America’s sports stadiums are insanely over-the-top. Some of them have swimming pools seemingly suspended in air; others are ringed with enormous glass boxes of fish spectators. “I’m not saying we shouldn’t have giant aquariums in ballparks full of terrified fish,” John Oliver argued on Last Week Tonight on Sunday. “Of course we should — this is America! If we don’t have them, no one else will! But we should not be using public money to pay for them.”

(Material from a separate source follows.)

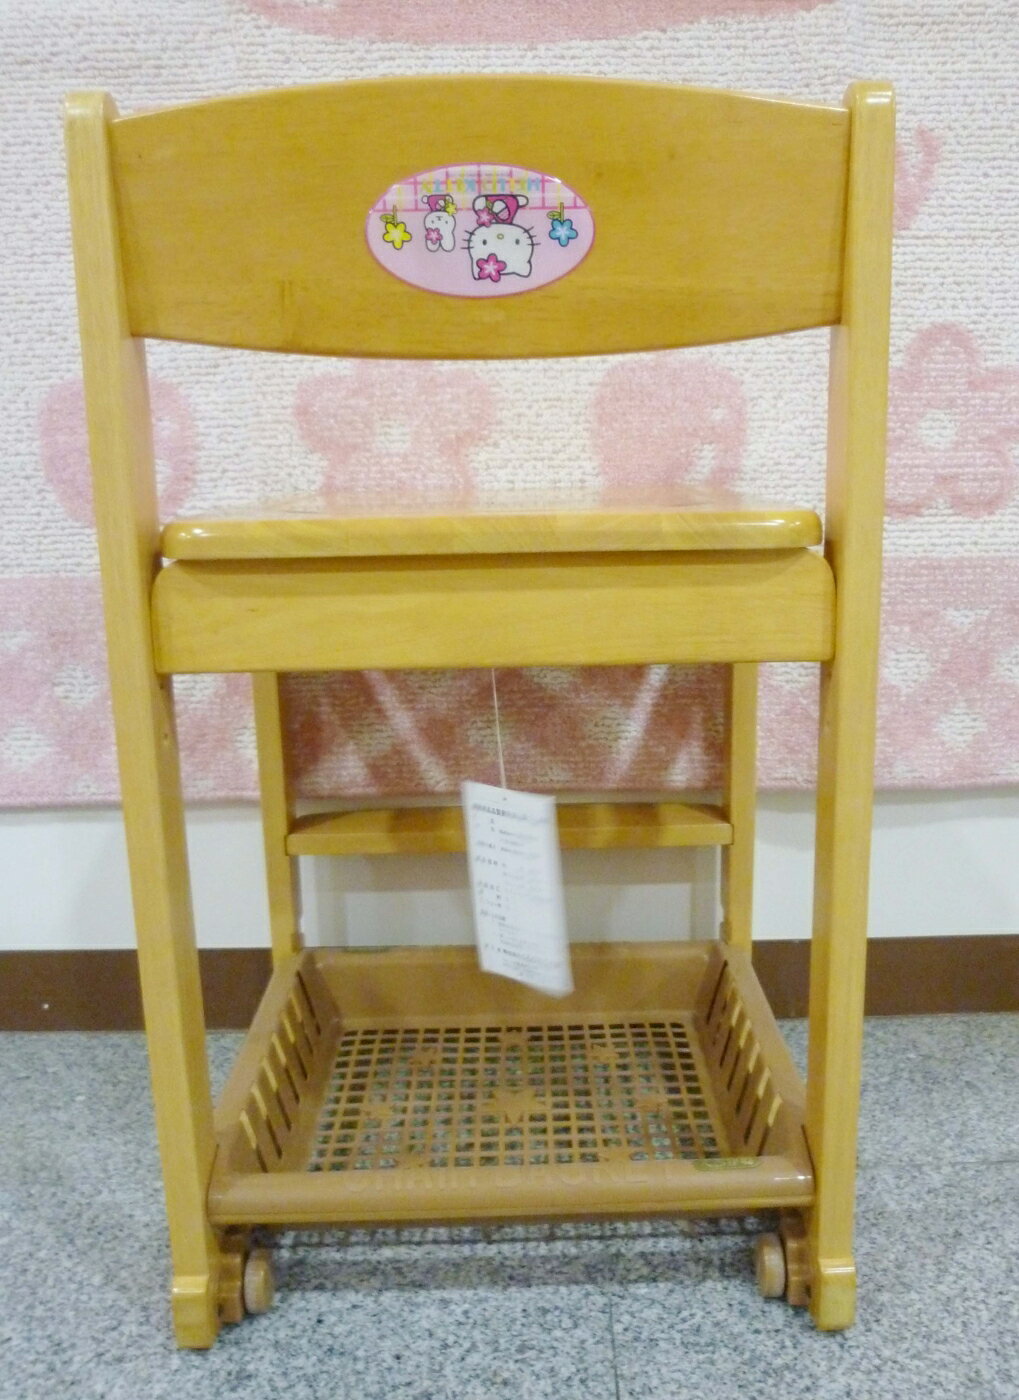 【震撼精品百貨】Hello Kitty 凱蒂貓 家具-椅子-天然木【共1款】*00804 震撼日式精品百貨

Oliver spent his show highlighting how very rich teams often rely on the kindness of strangers (i.e., taxpayers and city governments) when building stadiums that help make them even wealthier — and “look like they were designed by a coked-up Willy Wonka” — while not giving the city that helped build them much revenue. “We replace stadiums faster than we replace Spider-Man,” Oliver said, adding later, “Pretending you’re poor is wrong. It wasn’t okay when Mary-Kate Olsen went through her hobo phase, and it’s not okay now!”
He ended his informational campaign against using public money to build stadiums by putting on a baseball hat and channeling the inspirational cadences of all fictional coaches who came before him, as a soundtrack designed to make you feel very emotional about city finances played.
“What are you gonna do?” he asked his fake team in his fake locker room. “Make them pay!”